What we are missing is the ability to write generic logic to define high-level op semantics from attributes + interfaces. I agree the OpDSL granularity is too fine to be a one-size-fits-all atm and that the cosmetics are super important for usability and algebraic rewrites.

Trying to fit more general rank-polymorphism in OpDSL than what exists today is likely not worth the effort IMO. I don’t think we have a better tool than Tablegen for this.

One big aspect is they need to reuse/generalize the existing interfaces we have been developing (e.g. TilingInterface, LinalgOp interface, in-flight DestinationPassingStyleInterface etc). One big red flag would be to have custom C++ logic that depends on op-specific attributes or op-specific knowledge to implement tiling, fusion or lowering to loops: we happily dropped all special cases a long while back.

Beyond that, the spelling of ops is a matter of taste and people have many strong diverging opinions.

The semantics of the ops you propose generally LGTM.

On to other specific points:

Like @cbate and @MaheshRavishankar, I’d keep that out for now as the design space for this op is different.

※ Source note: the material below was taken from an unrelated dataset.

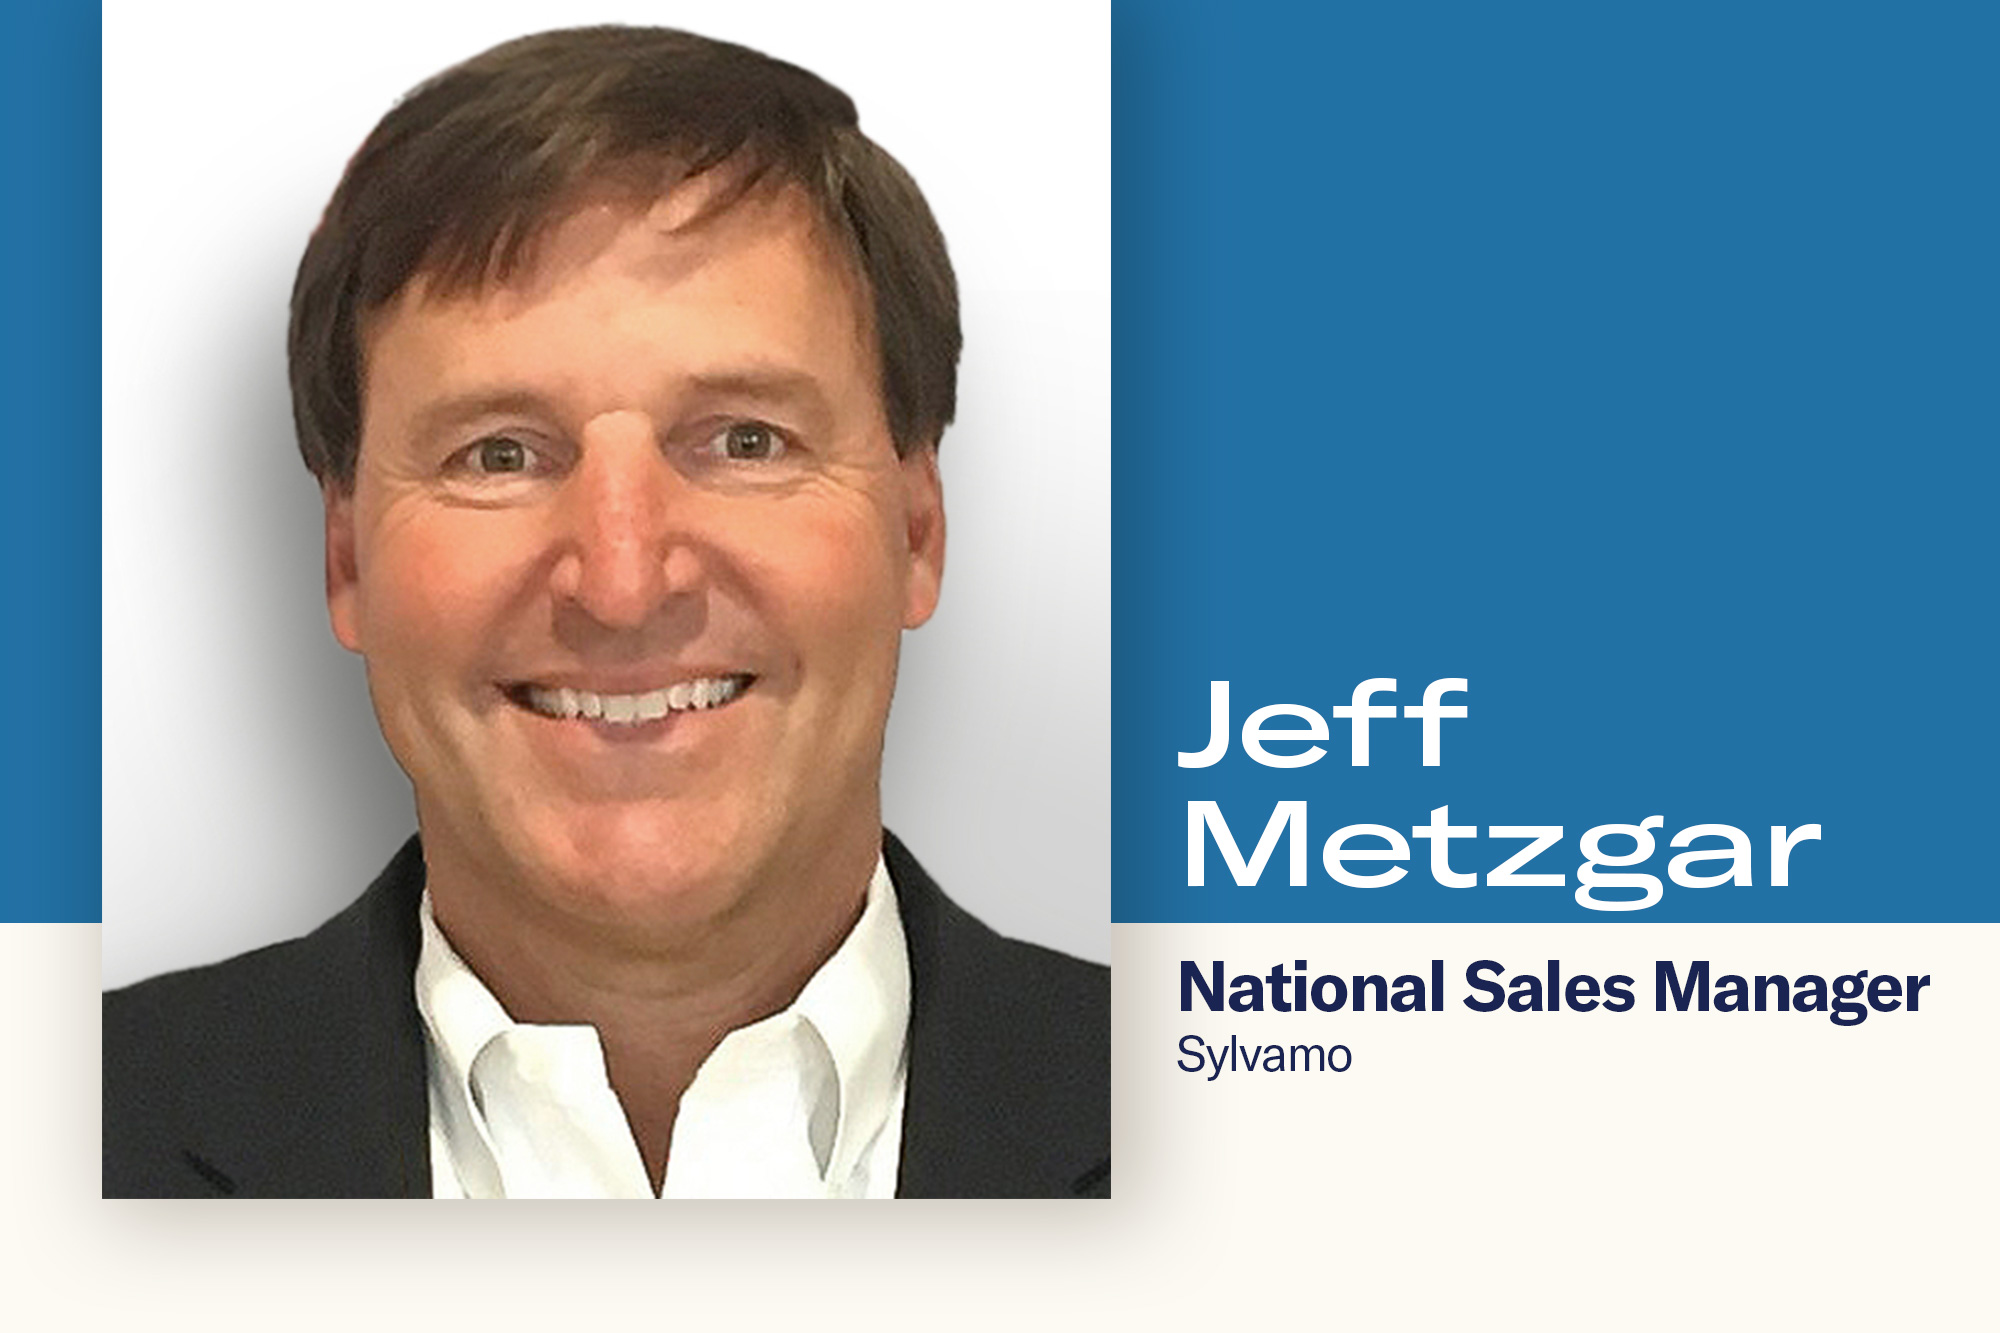 Meet Jeff Metzgar

A DPS version of these ops has no clear advantage to me as they are closer to a tensor.extract_slice.
If you want to allow reshapes that copy, we could also add a first-class copy attribute to tensor.expand_shape/collapse_shape to allow the reshape of non-contiguous stuff.
This would lower to the proper alloc + copies where needed.
This is in principle close to the tensor.pad op and its nofold attribute.

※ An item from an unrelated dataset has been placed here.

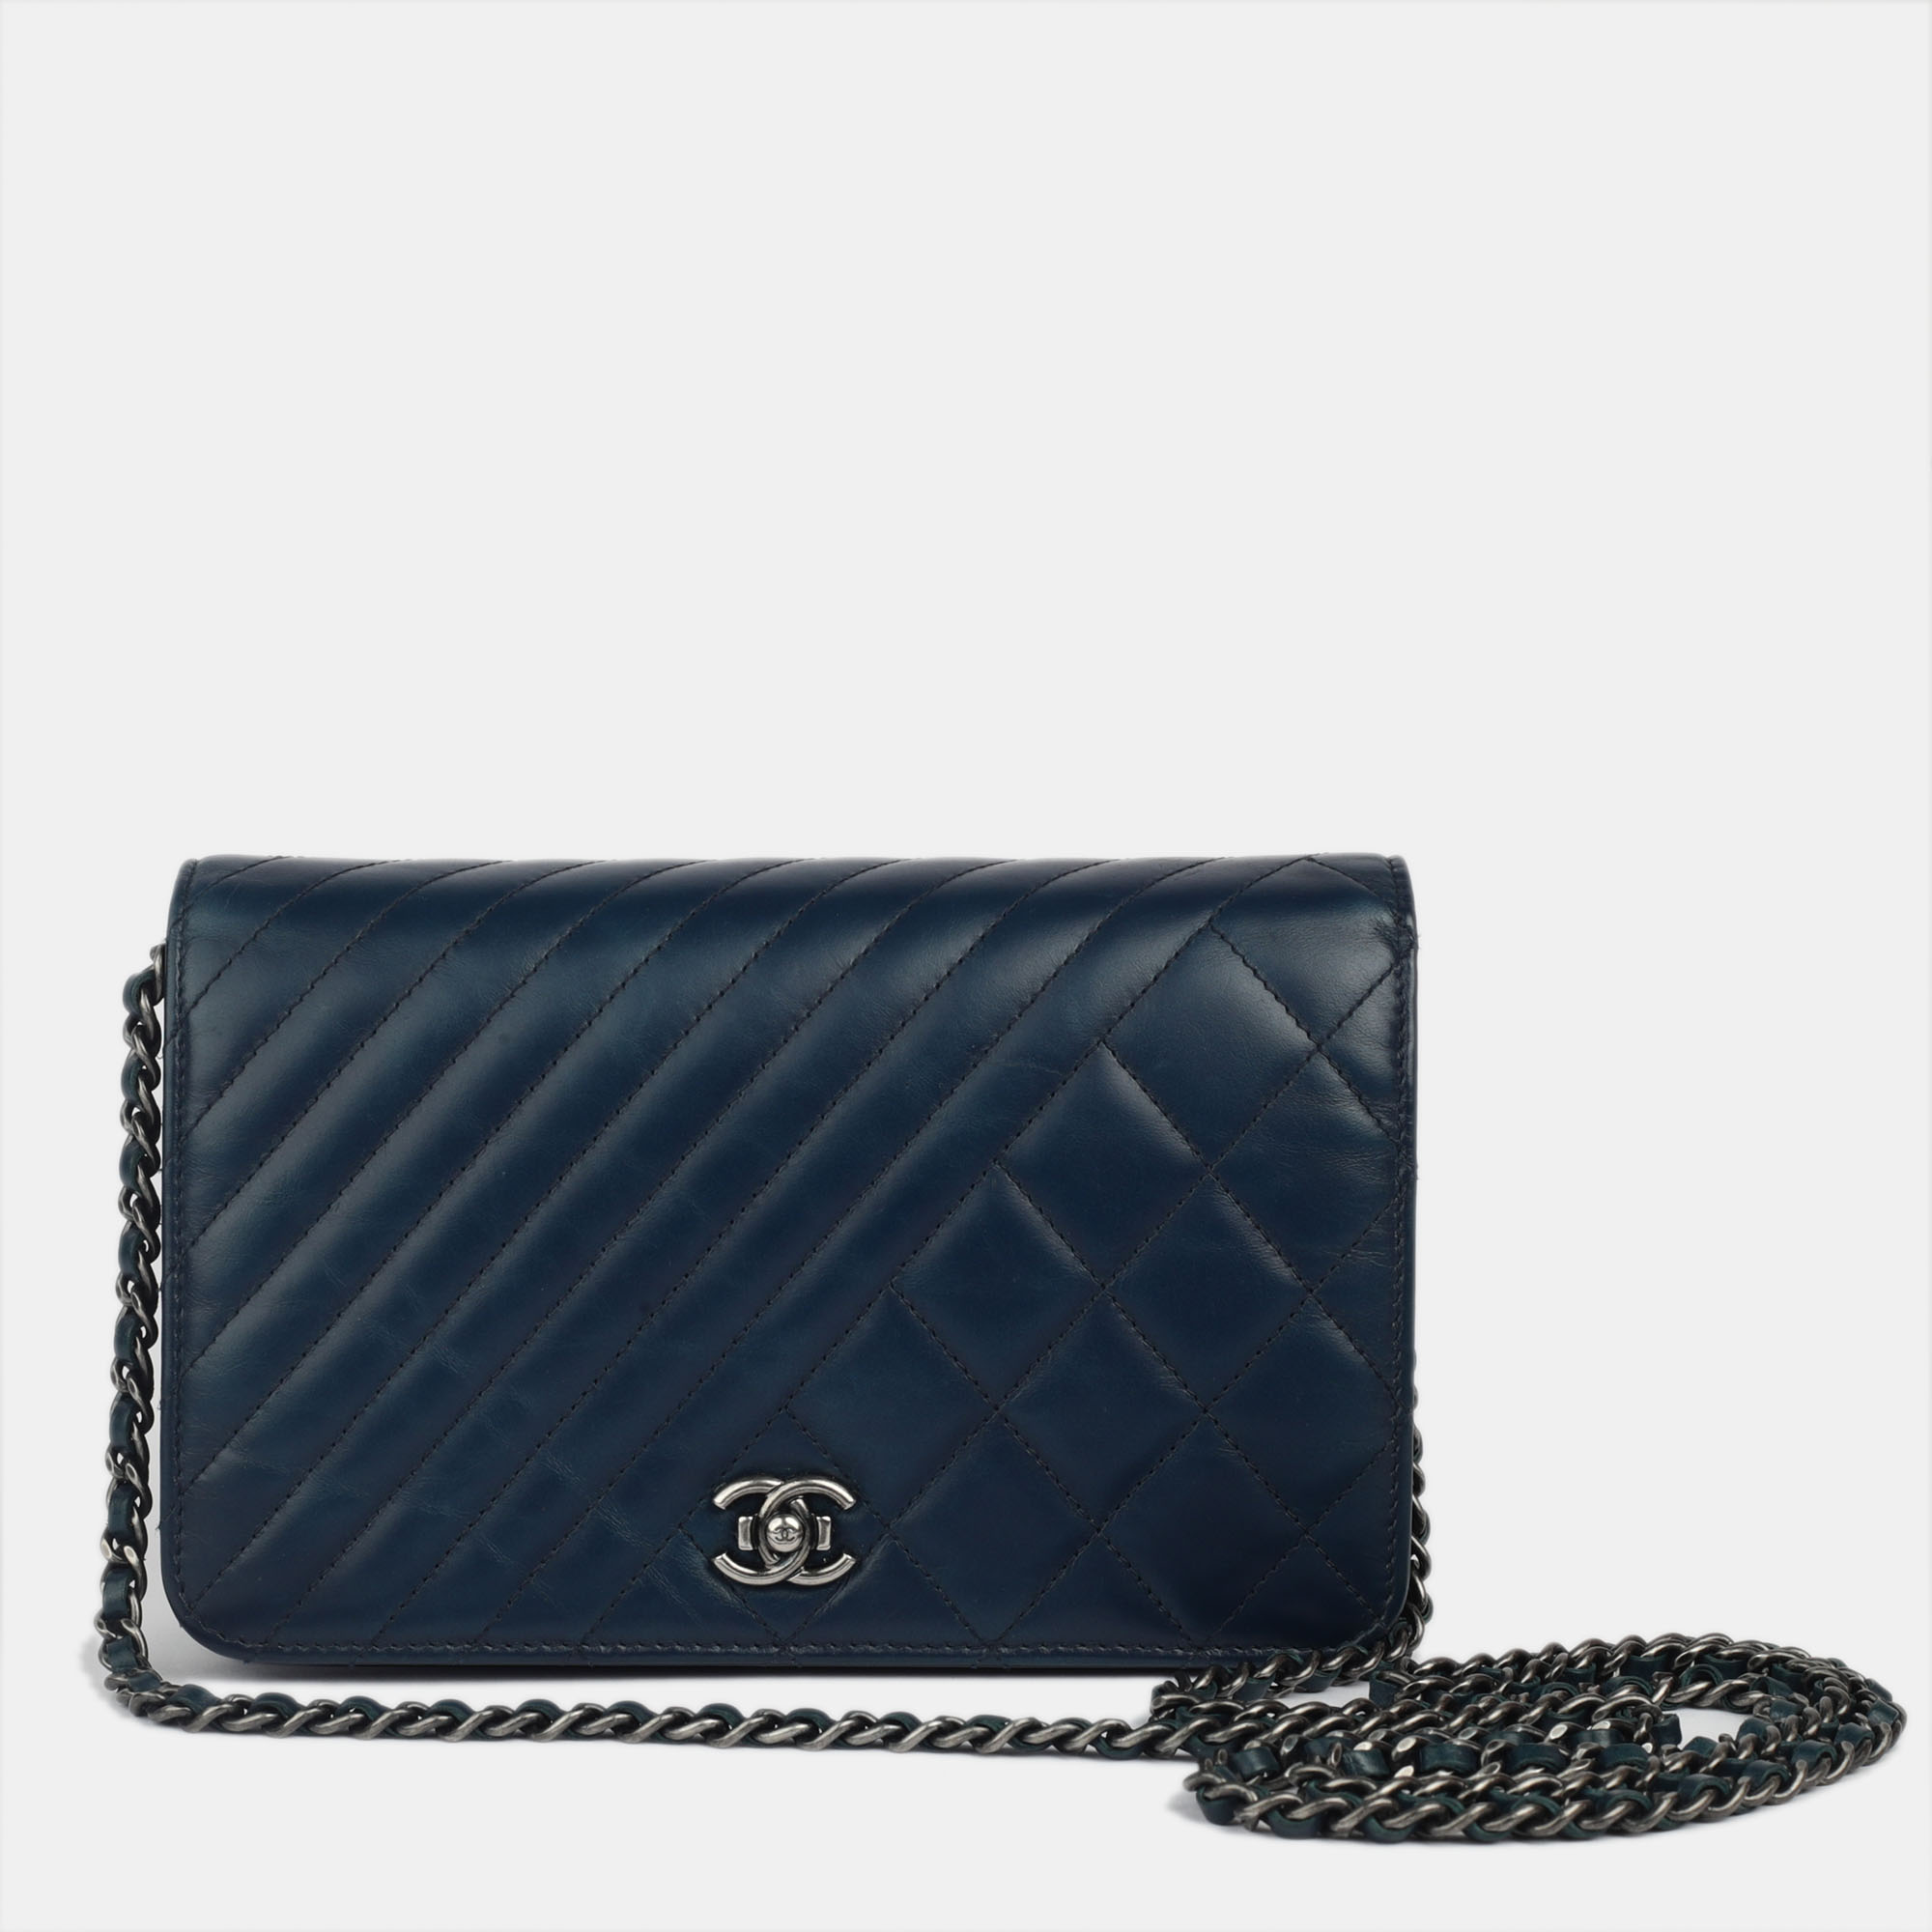 Chanel navy blue lambskin classic woc bag

We should try to have that: the named form should be syntactic sugar around linalg.generic.
Unfortunately it is unclear atm how to determine that a linalg.generic is equivalent to some linalg.named_op + some_yet_to_be_determined_attribute_instance.

Let me elaborate a bit:
A simple procedure follows what we have in IREE: StructuredTransformOpsExt.cpp - iree-org/iree - Sourcegraph

The objective is to avoid the “inverse” problem of matching and instead just compare a linalg.generic against what a named op would “generate”.

The difficulty is we don’t know beforehand all the possible attributes of a named op or the ones that will appear in a program. To make it clearer, consider a 4-D permutation; there are 4! possible permutation vectors. Given a generic that may be a permutation, we don’t know which one is the right one and we will need some inference. It gets worse with convs for which we need to find strides and dilations etc and that can’t just be enumerated in a generic fashion.

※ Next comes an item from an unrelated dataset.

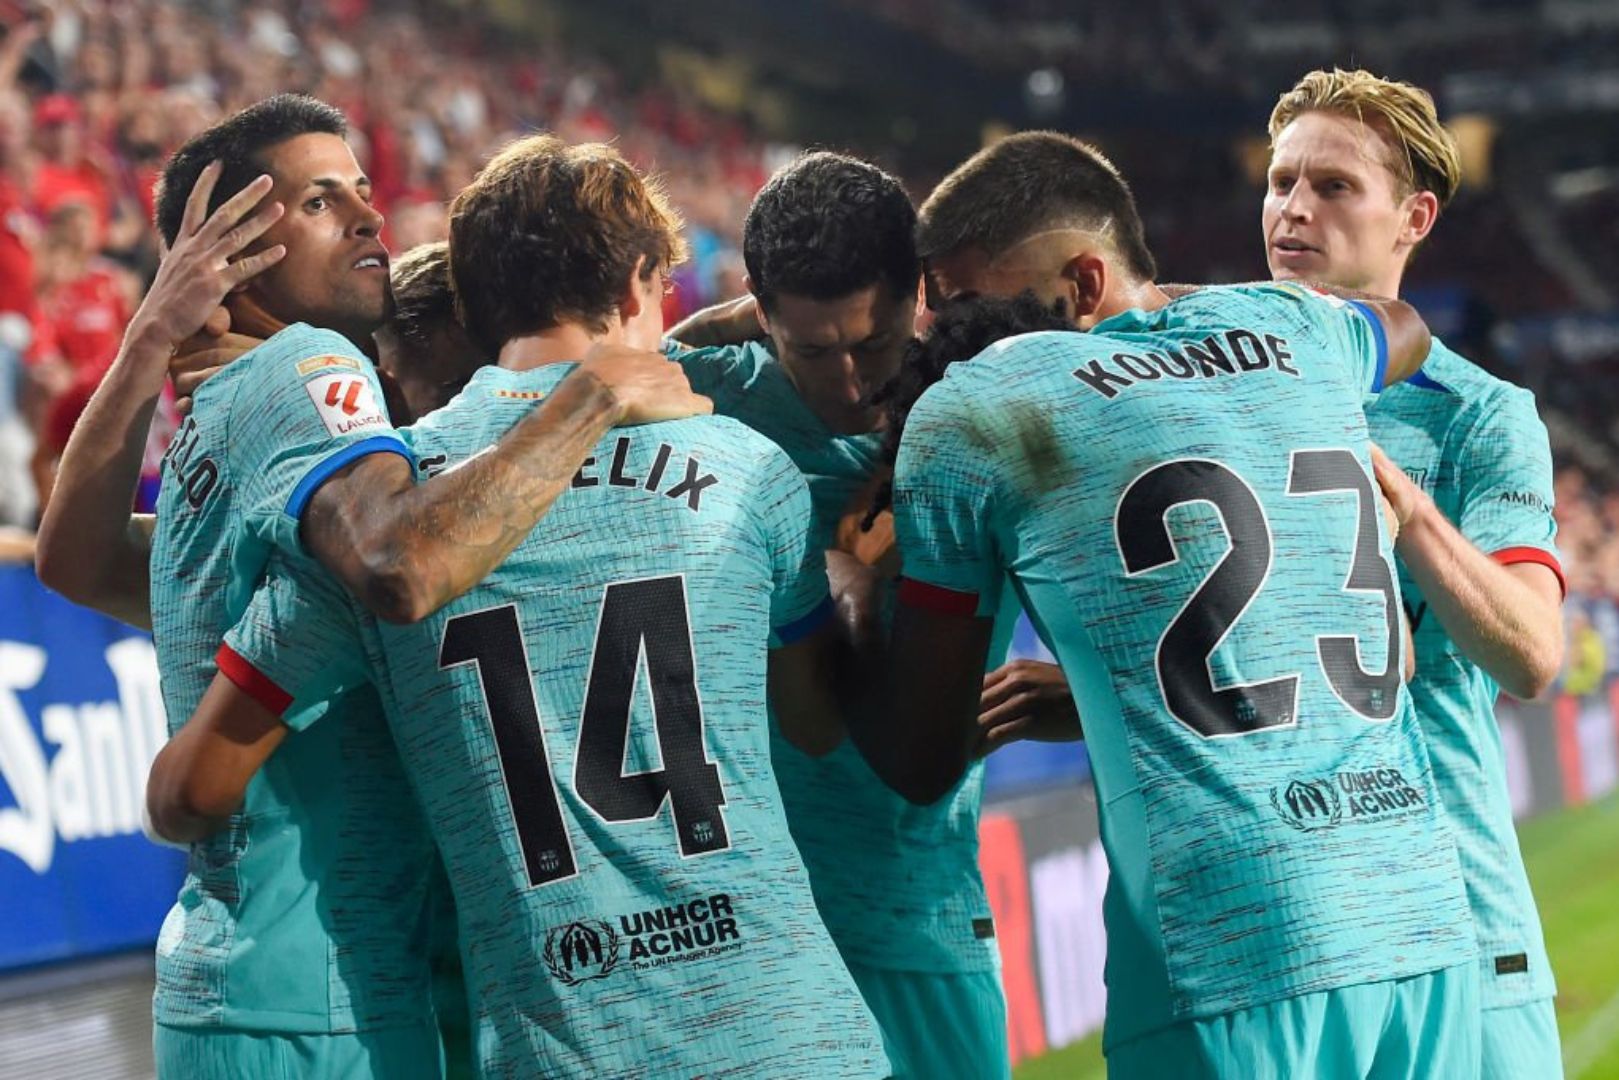 Barcelona players celebrating

We could still make progress with an InferrableNamedOpInterface whose default can capture the majority of the easy cases and require the other ops to implement the interface explicitly given only a generic.

To avoid quadratic complexity, there should also be some sort of registry of hashes.

This is the traditional top-down / bottom-up design iteration cycle, linalg.generic is designed in a bottom-up fashion with a focus on codegen and vectorization: it is likely we have reached the point where the next round of top-down investigations are strongly needed for more user-friendly named ops (i.e. the “readable IR” + “ease of matching” points I made a bit earlier).

The top-down design should be informed by the first-principle findings of the codegen work (the principles you list + a few others). The nice thing is that these are captured in the interfaces so as long as the implementation does not try to get too clever with custom C++ from ops + attributes, all should work out of the box, as was shown by OpDSL.

+1: convolutions is one such abstraction where good intentions of generalizations lead straight into the lava pit (I think gather is another :slight_smile: ).


I don’t subscribe to this viewpoint: yes there is some “inference” in finding a matching “name+attributes” from a generic but everything else is literally the same (same operands of the same types, same op granularity and especially same transformations and implementations).

Without drilling deeper into the other discussions that forked off from this thread, I agree with the direction here as it will greatly improve the ergonomics. How this is sliced in the future when a new potential TCP dialect shapes up can be separated and will likely involve a larger set of folks.